SOURCE MATERIAL →
======
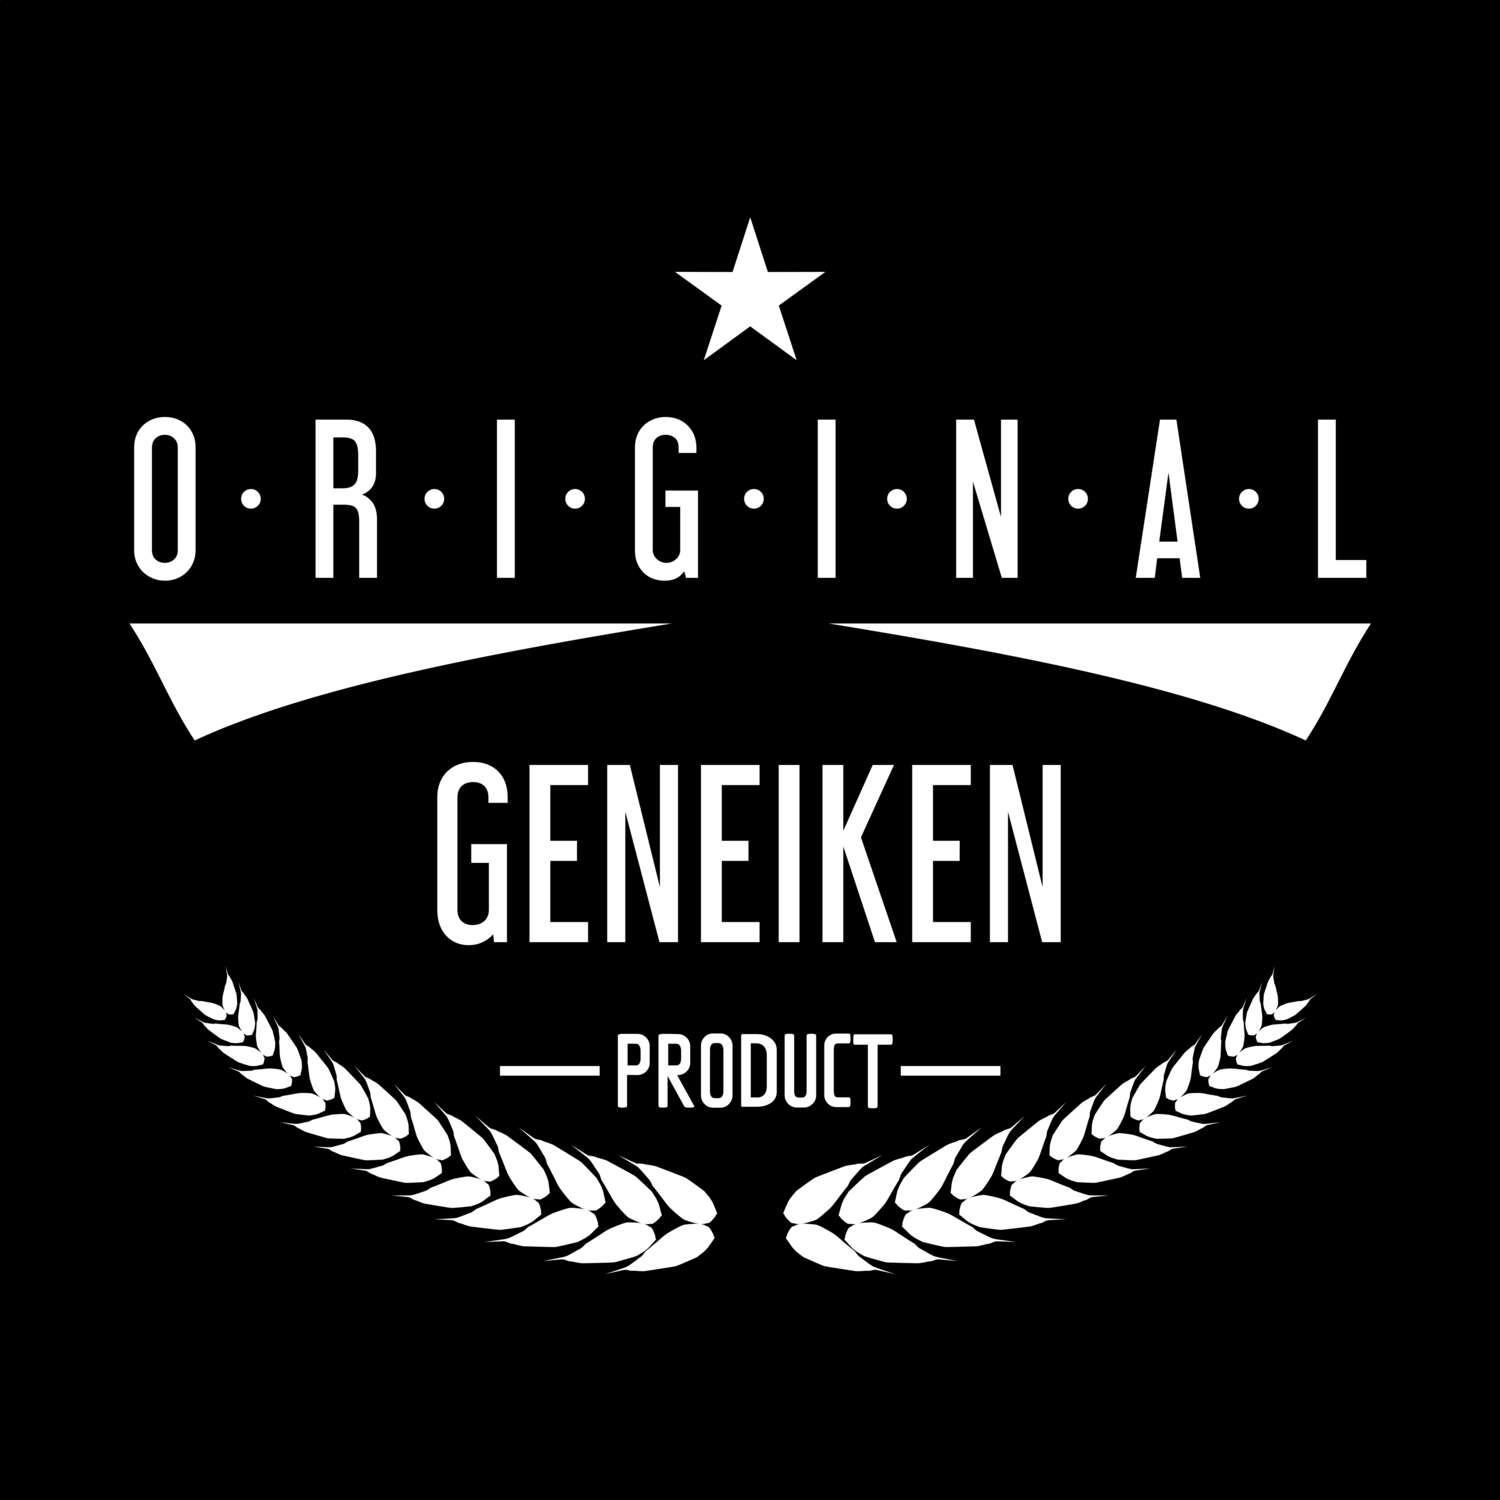 Geneiken T-Shirt »Original Product«
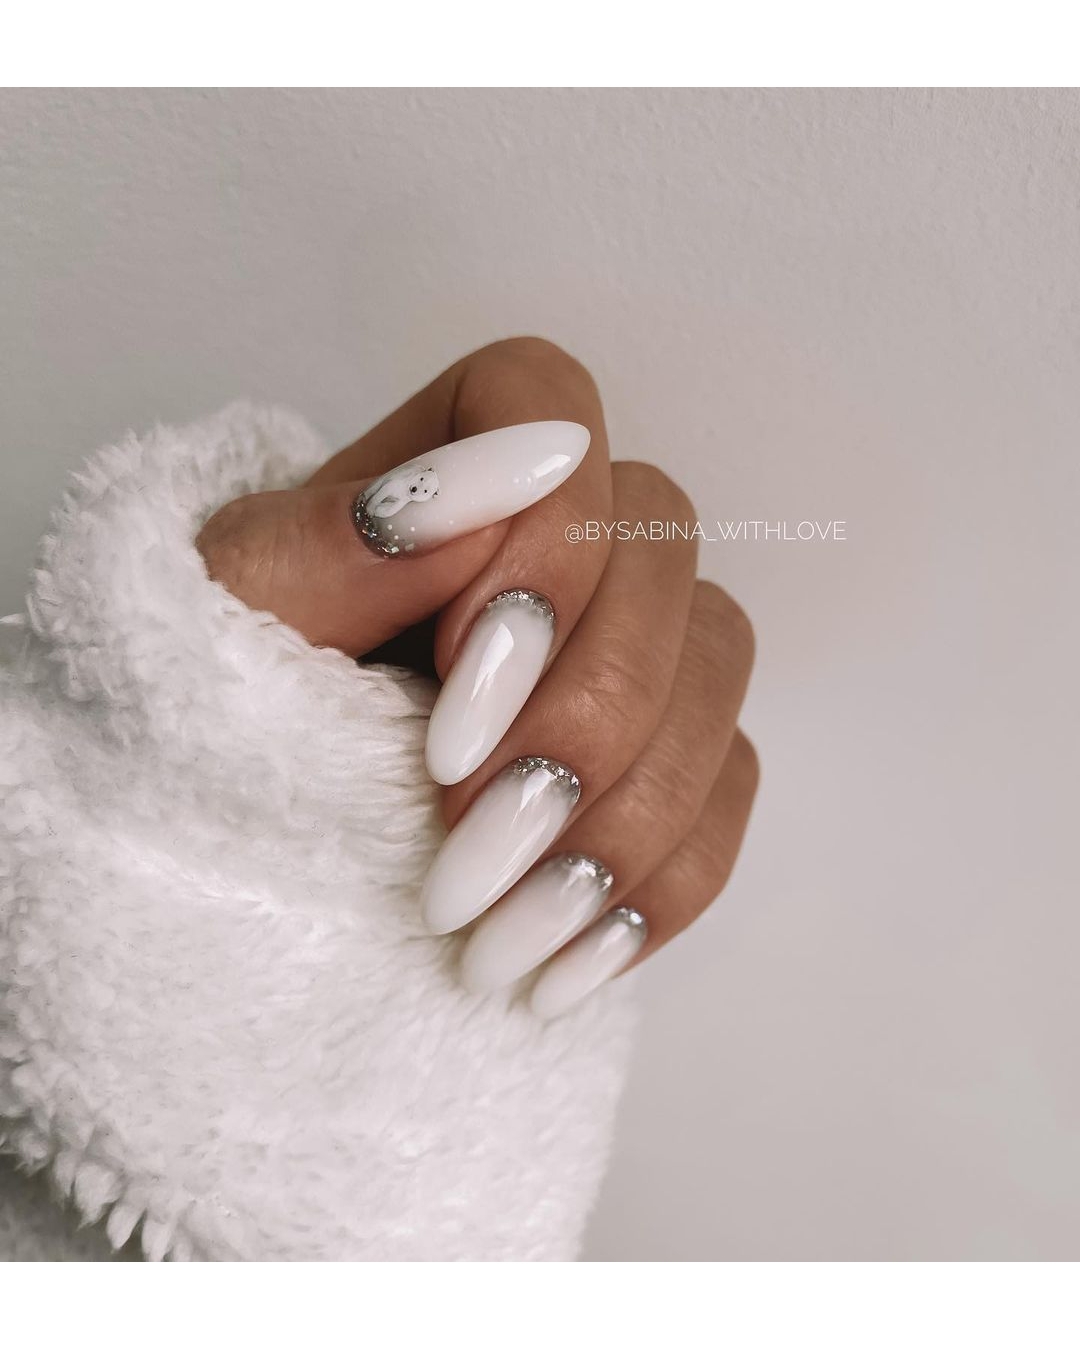 Unghie bianche con brillantini argento - @bysabina_withlove
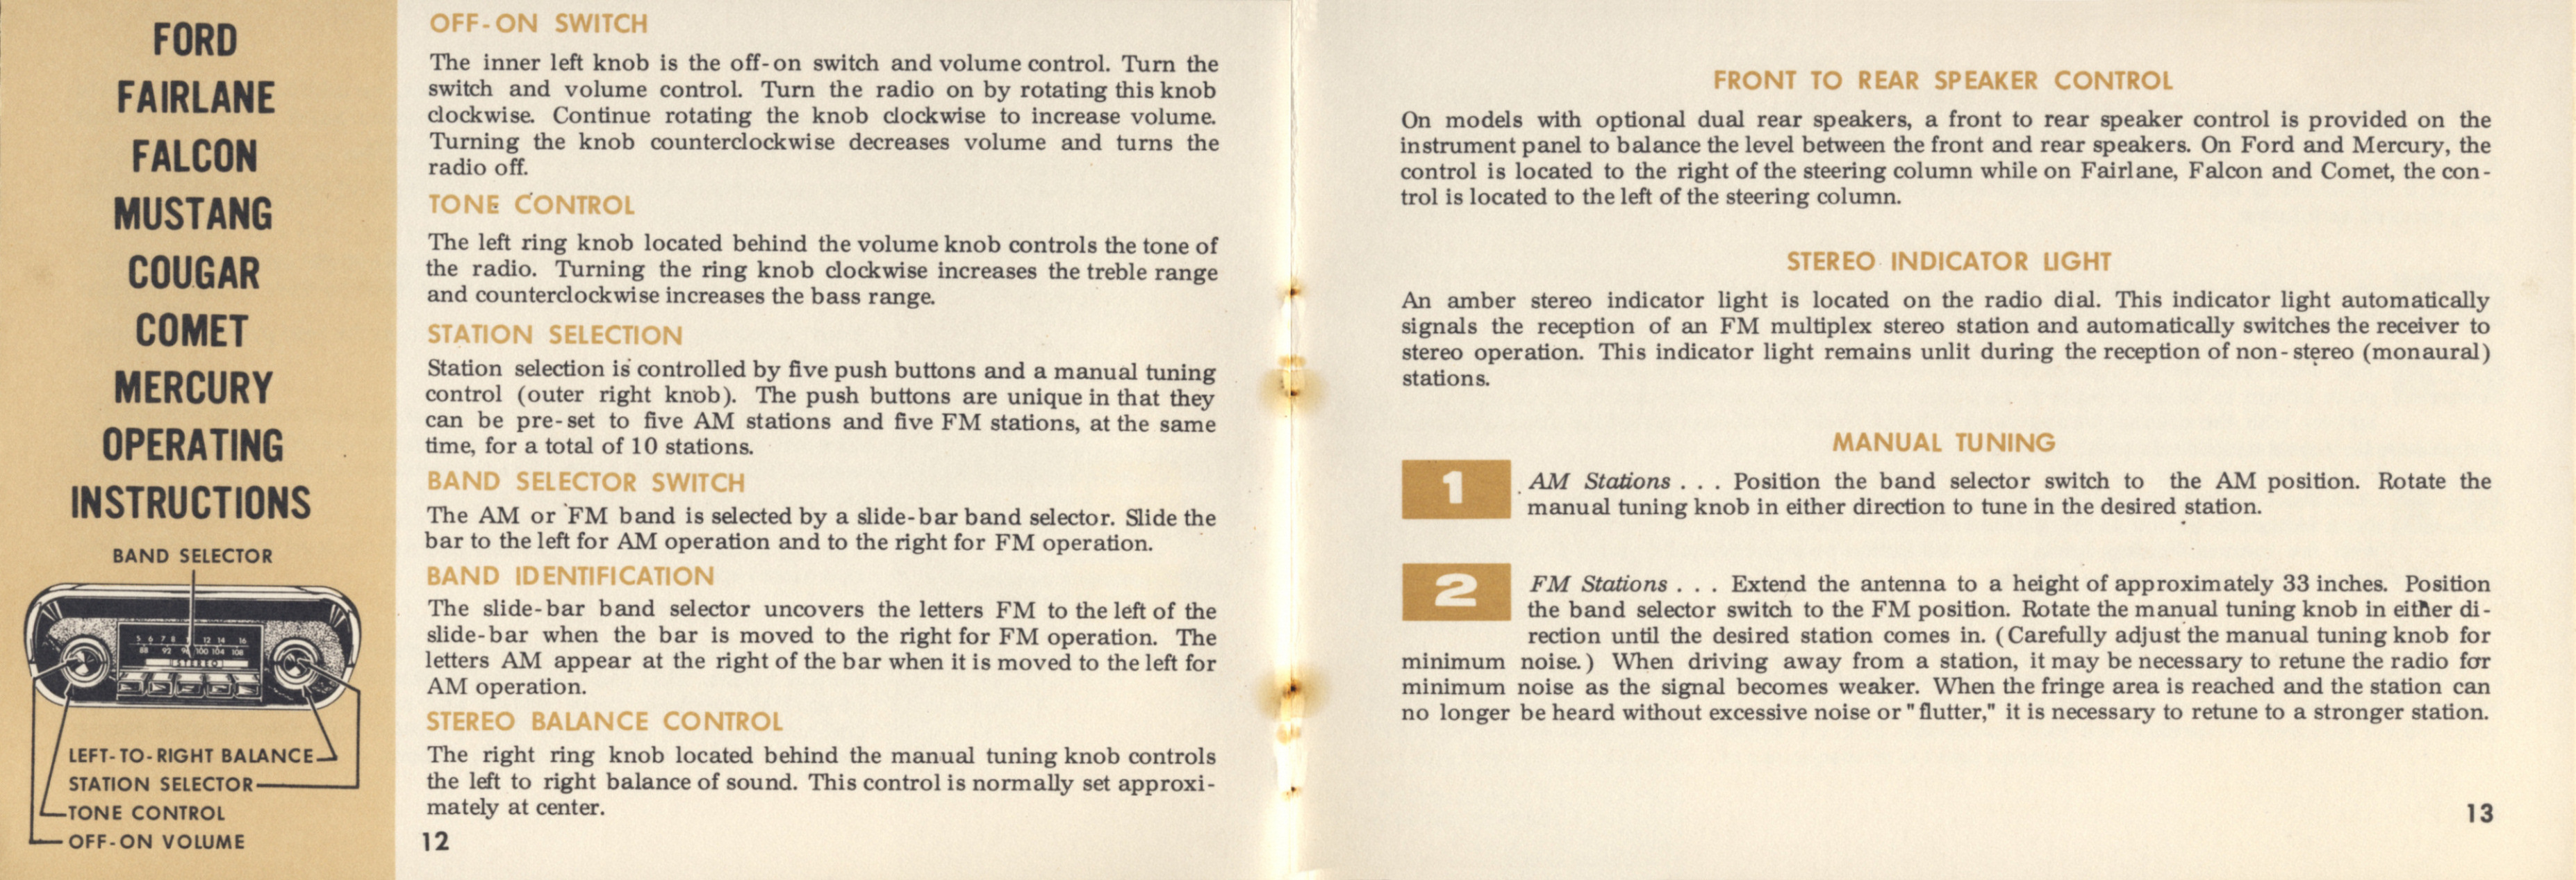 1968_Ford_Radio_Manual-12-13
======
Reproduce every line above word for word; no images.

 Geneiken T-Shirt »Original Product«
 Unghie bianche con brillantini argento - @bysabina_withlove
 1968_Ford_Radio_Manual-12-13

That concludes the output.